### RECORDS FOR THIS EXERCISE
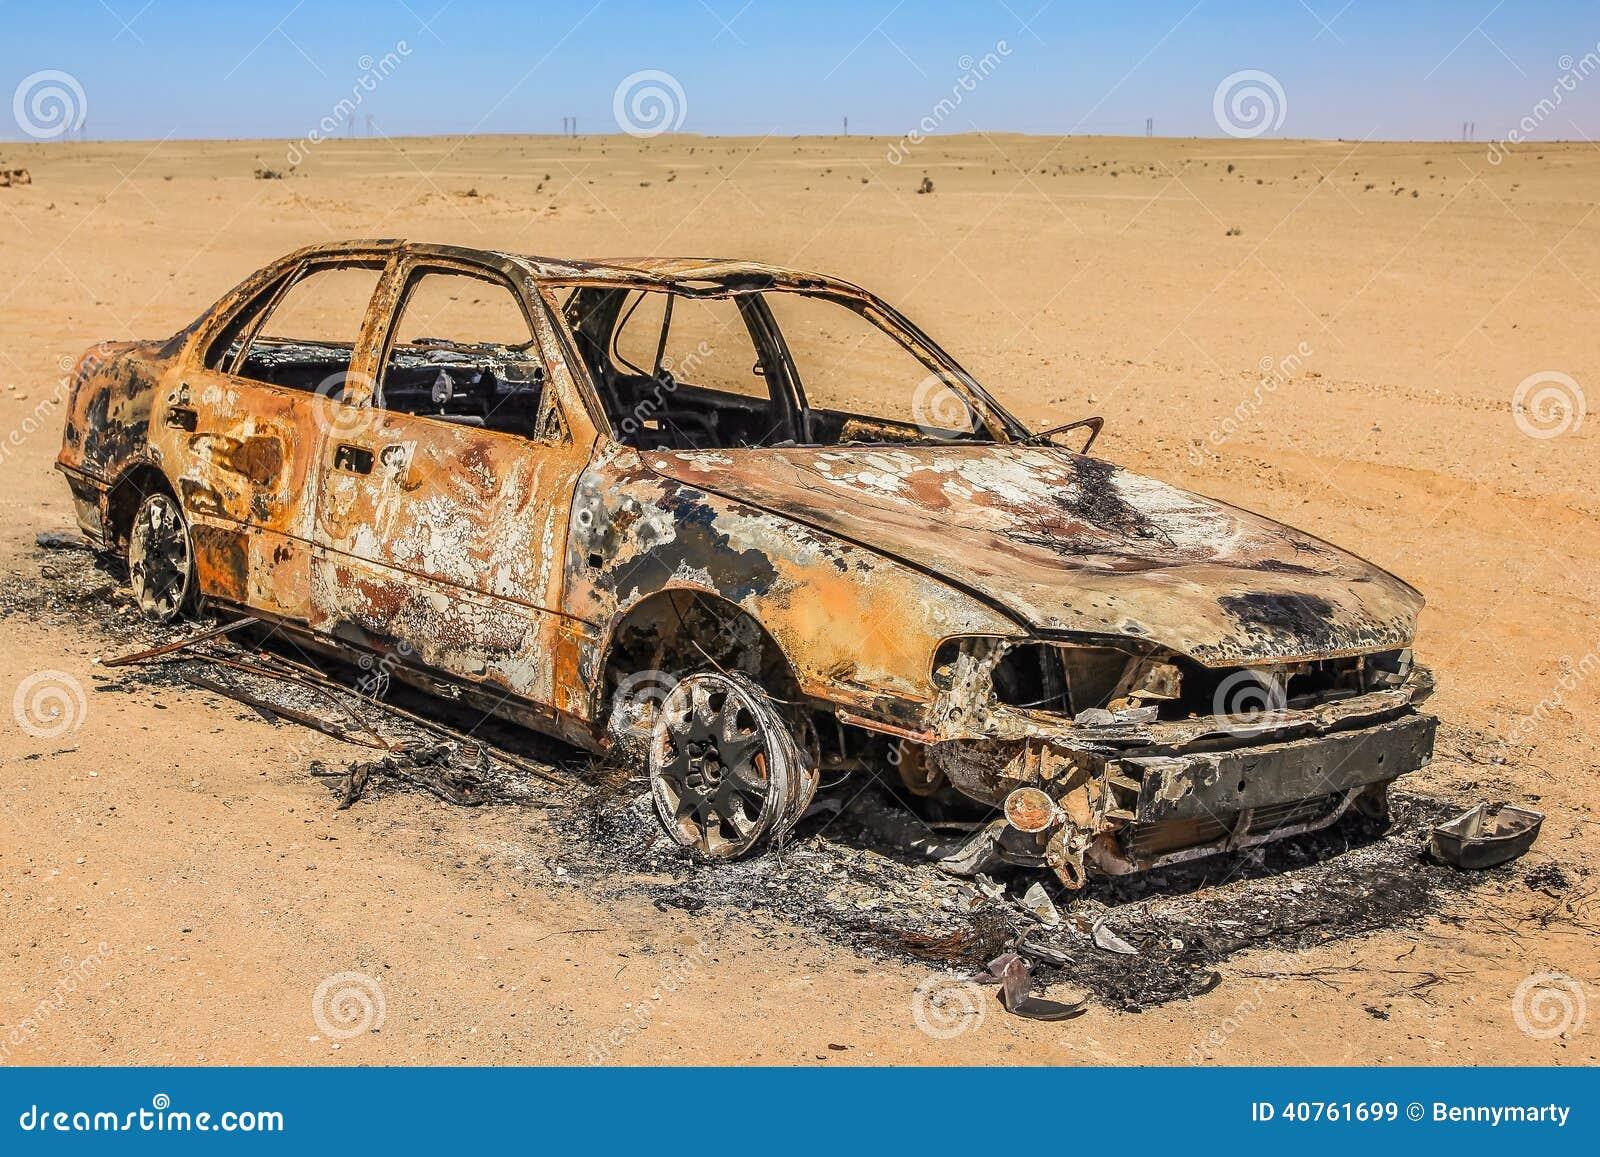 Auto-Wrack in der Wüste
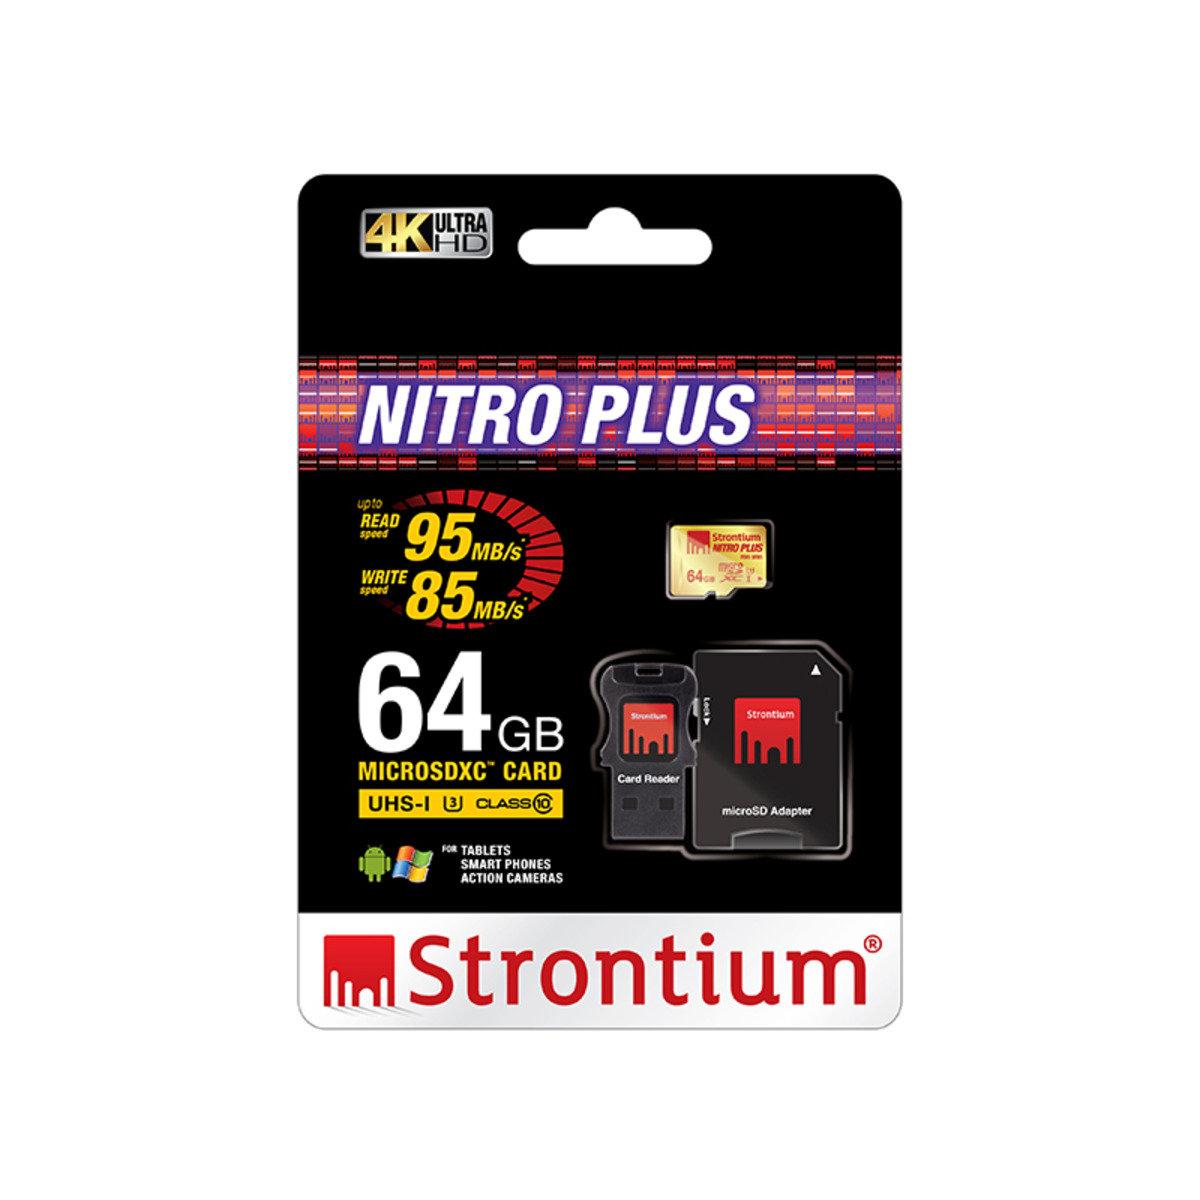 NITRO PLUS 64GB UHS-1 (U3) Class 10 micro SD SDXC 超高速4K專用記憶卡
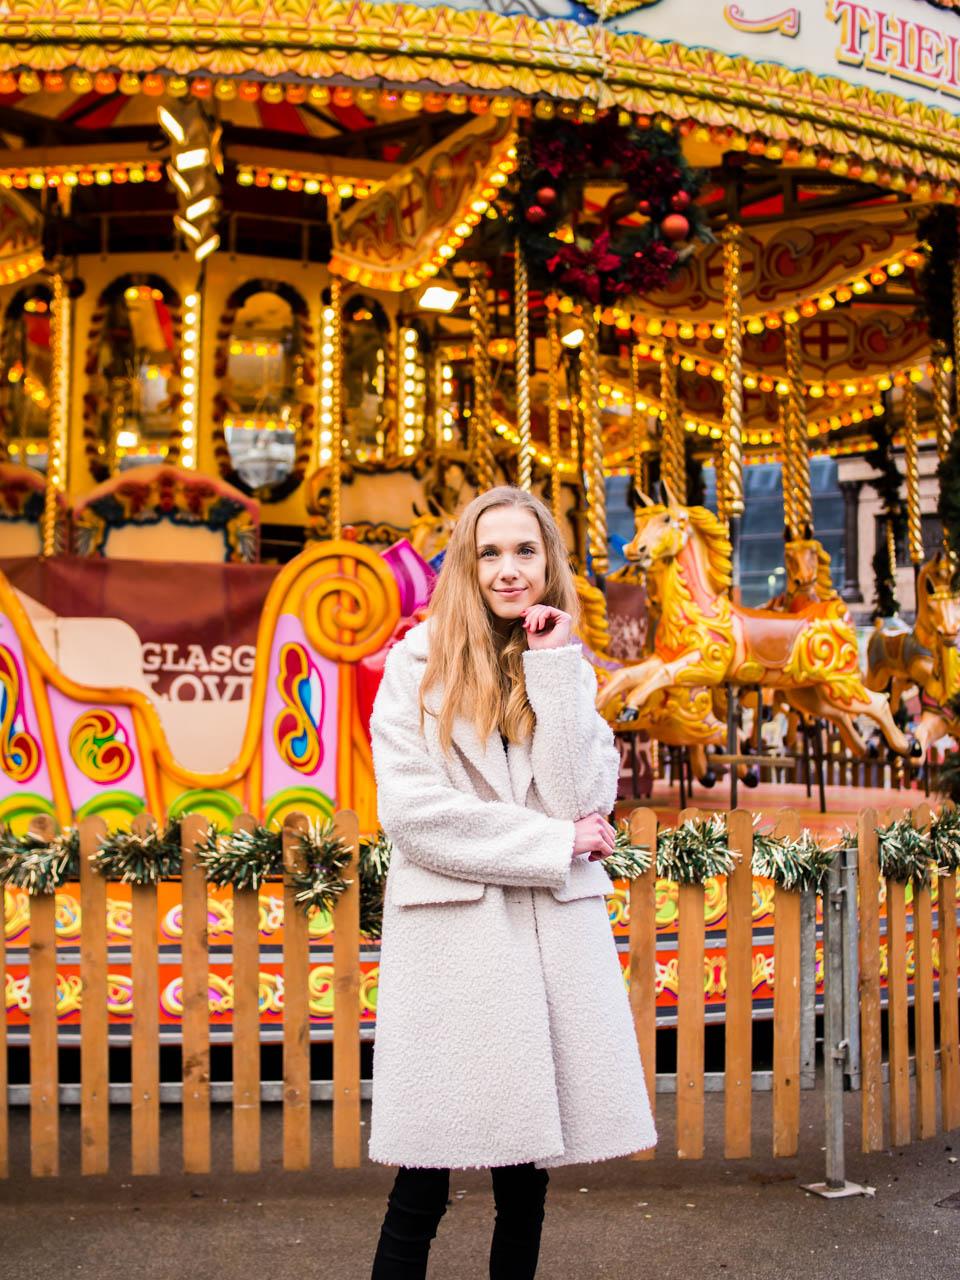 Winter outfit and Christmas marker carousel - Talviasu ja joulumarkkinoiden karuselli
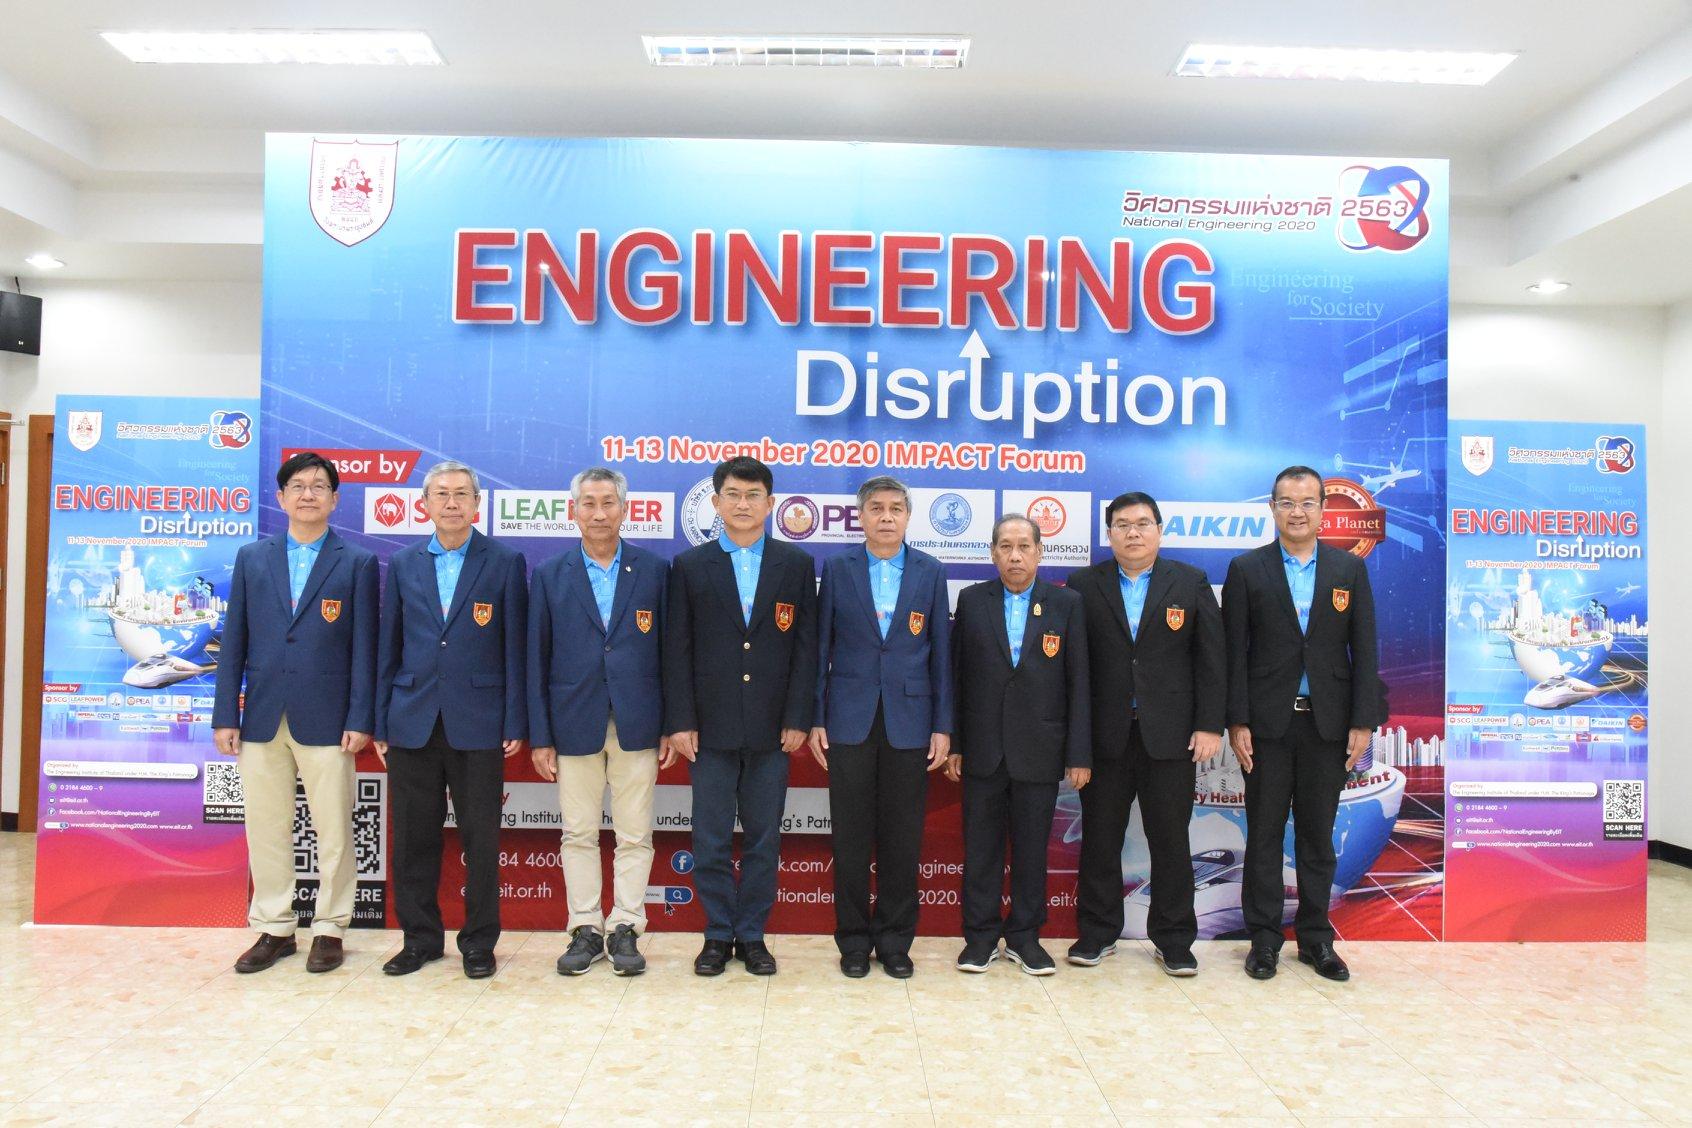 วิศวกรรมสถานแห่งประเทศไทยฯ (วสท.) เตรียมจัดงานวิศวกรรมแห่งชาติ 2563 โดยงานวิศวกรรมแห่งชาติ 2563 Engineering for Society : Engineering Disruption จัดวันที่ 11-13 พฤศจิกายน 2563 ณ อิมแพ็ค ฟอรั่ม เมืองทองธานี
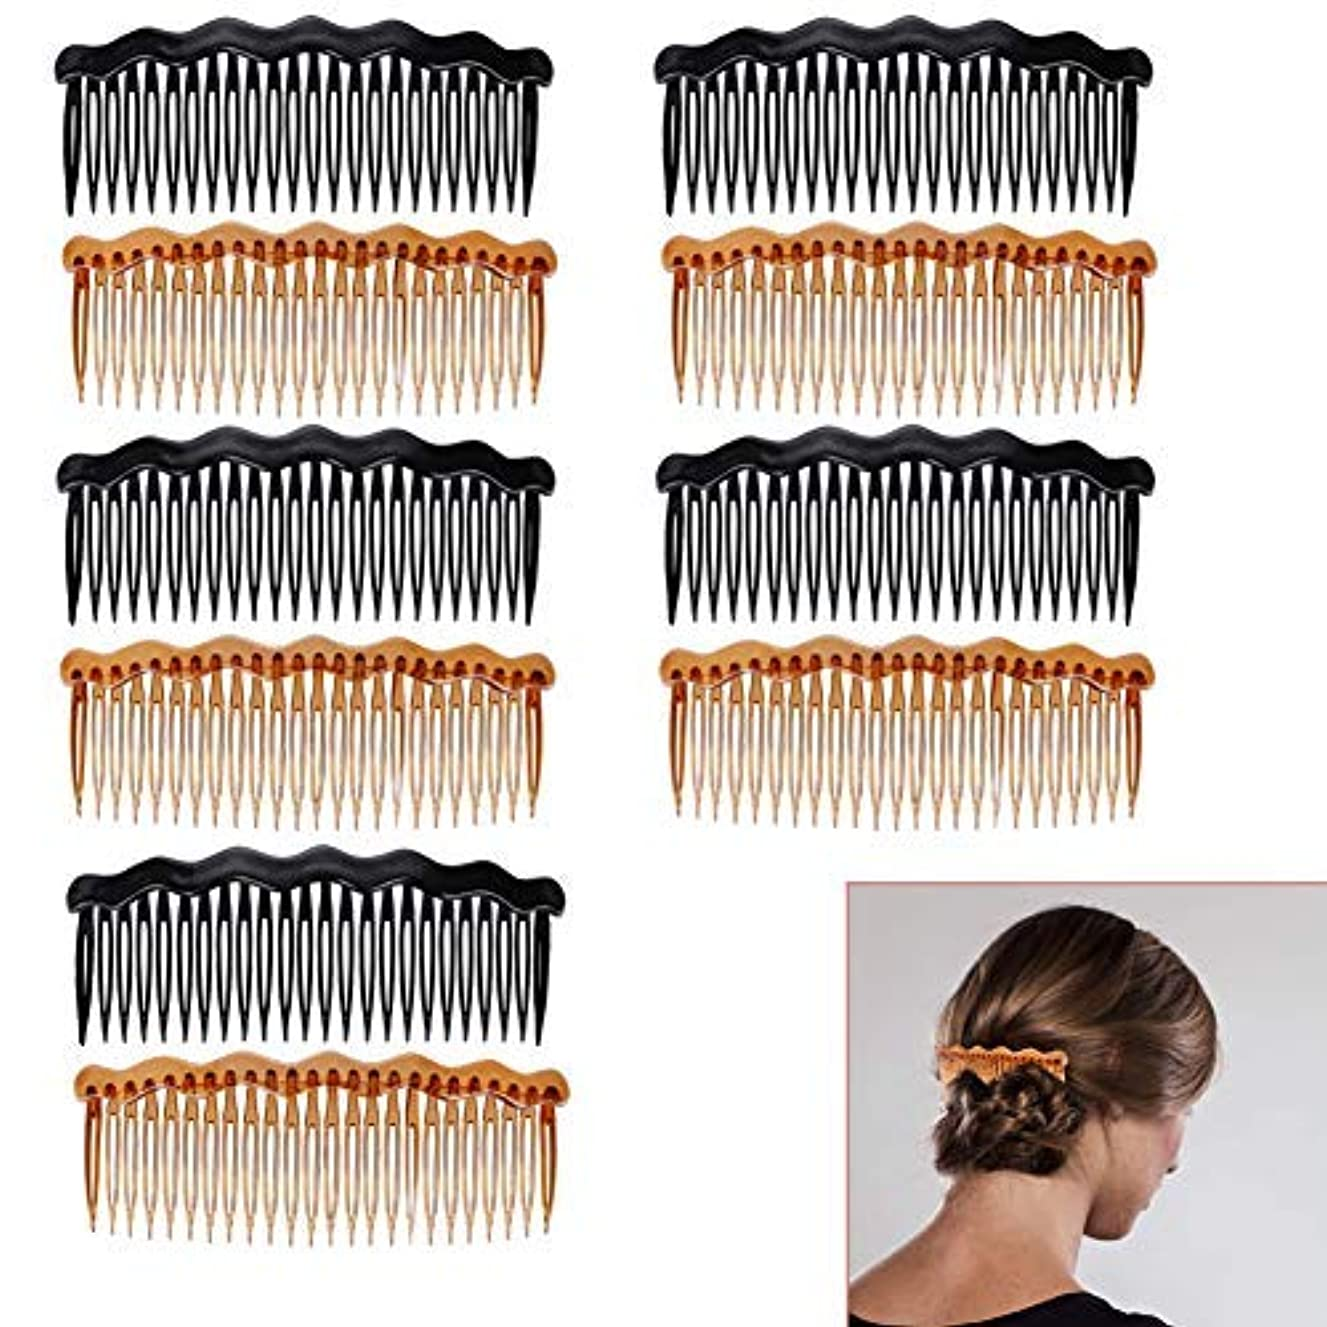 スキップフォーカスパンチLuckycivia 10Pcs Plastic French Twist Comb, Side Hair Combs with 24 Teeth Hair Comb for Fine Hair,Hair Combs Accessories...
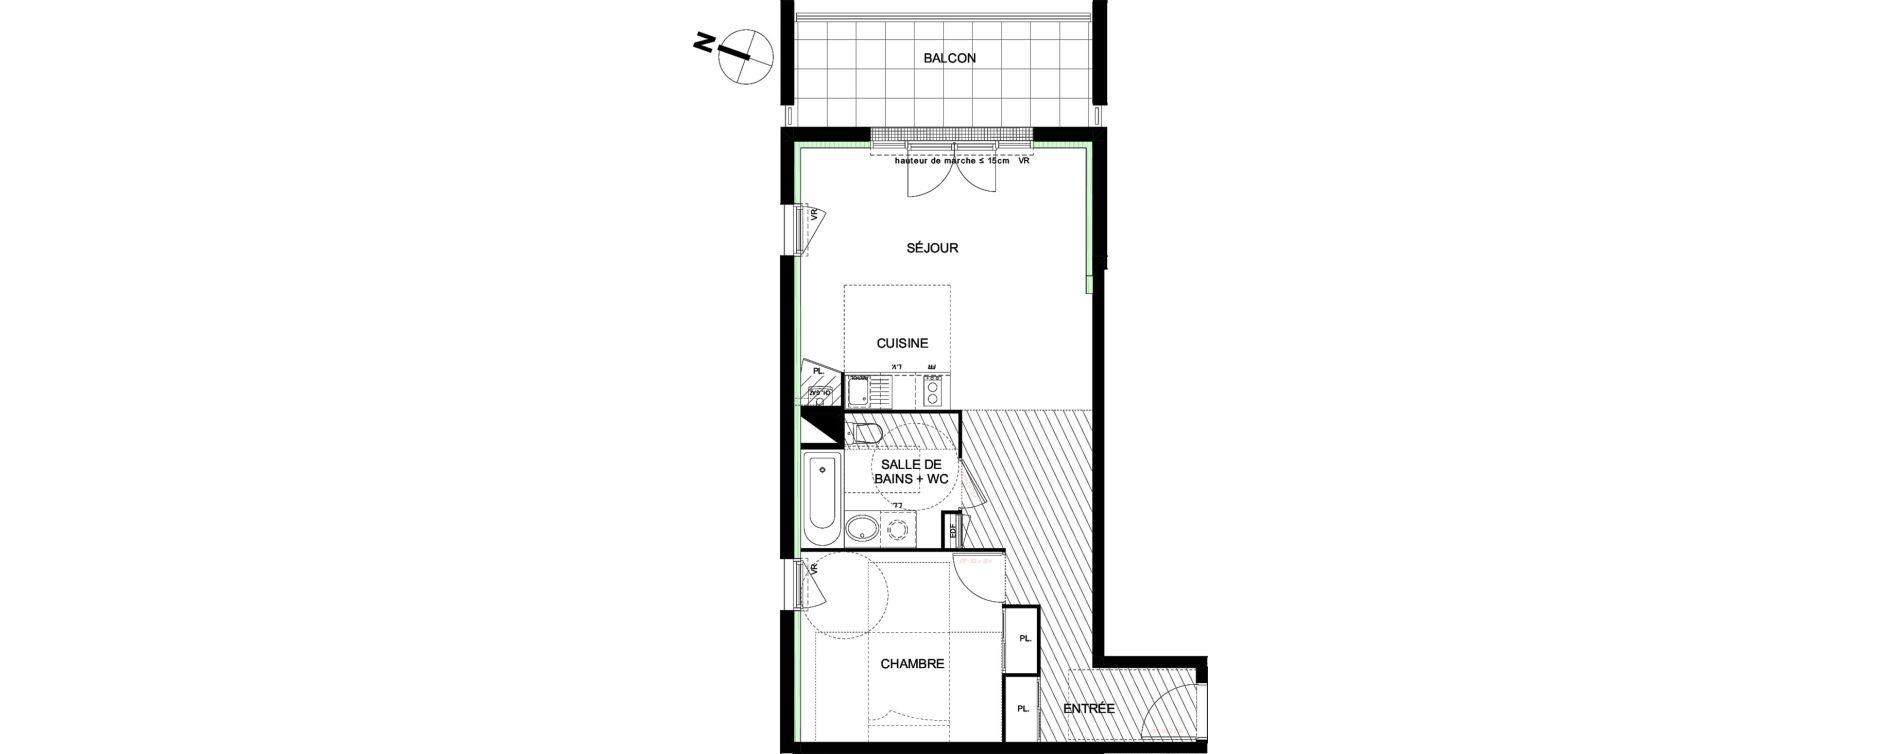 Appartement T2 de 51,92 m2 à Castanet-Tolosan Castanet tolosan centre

### TASK DIRECTIONS
Would you write out each entry word for word and omit the images?

### WORKED SOLUTION
 Auto-Wrack in der Wüste
 NITRO PLUS 64GB UHS-1 (U3) Class 10 micro SD SDXC 超高速4K專用記憶卡
 Winter outfit and Christmas marker carousel - Talviasu ja joulumarkkinoiden karuselli
 วิศวกรรมสถานแห่งประเทศไทยฯ (วสท.) เตรียมจัดงานวิศวกรรมแห่งชาติ 2563 โดยงานวิศวกรรมแห่งชาติ 2563 Engineering for Society : Engineering Disruption จัดวันที่ 11-13 พฤศจิกายน 2563 ณ อิมแพ็ค ฟอรั่ม เมืองทองธานี
 スキップフォーカスパンチLuckycivia 10Pcs Plastic French Twist Comb, Side Hair Combs with 24 Teeth Hair Comb for Fine Hair,Hair Combs Accessories...
 Appartement T2 de 51,92 m2 à Castanet-Tolosan Castanet tolosan centre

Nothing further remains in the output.